_Exercise prompt_
Write out each entry once more so that it matches the original exactly.

(Beginning of Records provided)

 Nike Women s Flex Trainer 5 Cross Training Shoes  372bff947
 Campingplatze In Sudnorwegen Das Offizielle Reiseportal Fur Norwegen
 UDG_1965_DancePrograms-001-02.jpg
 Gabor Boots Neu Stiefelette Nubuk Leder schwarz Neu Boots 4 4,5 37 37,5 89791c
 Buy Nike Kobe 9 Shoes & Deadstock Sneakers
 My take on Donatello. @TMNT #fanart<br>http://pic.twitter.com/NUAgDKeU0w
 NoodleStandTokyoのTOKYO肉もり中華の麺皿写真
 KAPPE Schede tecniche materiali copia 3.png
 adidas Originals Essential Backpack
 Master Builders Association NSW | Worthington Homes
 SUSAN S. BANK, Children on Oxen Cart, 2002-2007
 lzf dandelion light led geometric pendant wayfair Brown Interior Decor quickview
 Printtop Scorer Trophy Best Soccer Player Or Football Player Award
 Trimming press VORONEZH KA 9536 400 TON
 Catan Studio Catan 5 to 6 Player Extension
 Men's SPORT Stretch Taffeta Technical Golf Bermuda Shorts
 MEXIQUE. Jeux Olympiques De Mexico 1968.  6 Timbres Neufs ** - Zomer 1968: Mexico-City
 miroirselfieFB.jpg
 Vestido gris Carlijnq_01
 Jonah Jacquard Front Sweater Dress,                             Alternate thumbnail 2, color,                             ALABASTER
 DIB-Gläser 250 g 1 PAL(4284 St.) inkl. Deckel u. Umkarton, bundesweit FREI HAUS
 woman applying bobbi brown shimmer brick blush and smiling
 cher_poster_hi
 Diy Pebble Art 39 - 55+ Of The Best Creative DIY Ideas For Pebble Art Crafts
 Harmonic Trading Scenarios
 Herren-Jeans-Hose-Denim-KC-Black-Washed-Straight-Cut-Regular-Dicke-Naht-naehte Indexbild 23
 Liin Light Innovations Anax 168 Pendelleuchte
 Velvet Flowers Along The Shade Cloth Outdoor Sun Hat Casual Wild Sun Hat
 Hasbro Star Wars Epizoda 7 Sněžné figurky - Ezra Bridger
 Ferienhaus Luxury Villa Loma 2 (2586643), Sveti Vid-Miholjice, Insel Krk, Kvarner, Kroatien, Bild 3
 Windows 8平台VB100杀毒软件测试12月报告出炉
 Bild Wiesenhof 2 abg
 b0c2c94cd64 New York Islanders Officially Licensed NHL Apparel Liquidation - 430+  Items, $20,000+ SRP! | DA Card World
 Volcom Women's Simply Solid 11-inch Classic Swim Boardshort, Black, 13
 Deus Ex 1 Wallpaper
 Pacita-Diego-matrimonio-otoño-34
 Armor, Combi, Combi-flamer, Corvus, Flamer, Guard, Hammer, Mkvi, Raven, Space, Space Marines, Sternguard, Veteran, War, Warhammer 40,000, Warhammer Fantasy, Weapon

(End of Records provided)

_Written response_
 Nike Women s Flex Trainer 5 Cross Training Shoes  372bff947
 Campingplatze In Sudnorwegen Das Offizielle Reiseportal Fur Norwegen
 UDG_1965_DancePrograms-001-02.jpg
 Gabor Boots Neu Stiefelette Nubuk Leder schwarz Neu Boots 4 4,5 37 37,5 89791c
 Buy Nike Kobe 9 Shoes & Deadstock Sneakers
 My take on Donatello. @TMNT #fanart<br>http://pic.twitter.com/NUAgDKeU0w
 NoodleStandTokyoのTOKYO肉もり中華の麺皿写真
 KAPPE Schede tecniche materiali copia 3.png
 adidas Originals Essential Backpack
 Master Builders Association NSW | Worthington Homes
 SUSAN S. BANK, Children on Oxen Cart, 2002-2007
 lzf dandelion light led geometric pendant wayfair Brown Interior Decor quickview
 Printtop Scorer Trophy Best Soccer Player Or Football Player Award
 Trimming press VORONEZH KA 9536 400 TON
 Catan Studio Catan 5 to 6 Player Extension
 Men's SPORT Stretch Taffeta Technical Golf Bermuda Shorts
 MEXIQUE. Jeux Olympiques De Mexico 1968.  6 Timbres Neufs ** - Zomer 1968: Mexico-City
 miroirselfieFB.jpg
 Vestido gris Carlijnq_01
 Jonah Jacquard Front Sweater Dress,                             Alternate thumbnail 2, color,                             ALABASTER
 DIB-Gläser 250 g 1 PAL(4284 St.) inkl. Deckel u. Umkarton, bundesweit FREI HAUS
 woman applying bobbi brown shimmer brick blush and smiling
 cher_poster_hi
 Diy Pebble Art 39 - 55+ Of The Best Creative DIY Ideas For Pebble Art Crafts
 Harmonic Trading Scenarios
 Herren-Jeans-Hose-Denim-KC-Black-Washed-Straight-Cut-Regular-Dicke-Naht-naehte Indexbild 23
 Liin Light Innovations Anax 168 Pendelleuchte
 Velvet Flowers Along The Shade Cloth Outdoor Sun Hat Casual Wild Sun Hat
 Hasbro Star Wars Epizoda 7 Sněžné figurky - Ezra Bridger
 Ferienhaus Luxury Villa Loma 2 (2586643), Sveti Vid-Miholjice, Insel Krk, Kvarner, Kroatien, Bild 3
 Windows 8平台VB100杀毒软件测试12月报告出炉
 Bild Wiesenhof 2 abg
 b0c2c94cd64 New York Islanders Officially Licensed NHL Apparel Liquidation - 430+  Items, $20,000+ SRP! | DA Card World
 Volcom Women's Simply Solid 11-inch Classic Swim Boardshort, Black, 13
 Deus Ex 1 Wallpaper
 Pacita-Diego-matrimonio-otoño-34
 Armor, Combi, Combi-flamer, Corvus, Flamer, Guard, Hammer, Mkvi, Raven, Space, Space Marines, Sternguard, Veteran, War, Warhammer 40,000, Warhammer Fantasy, Weapon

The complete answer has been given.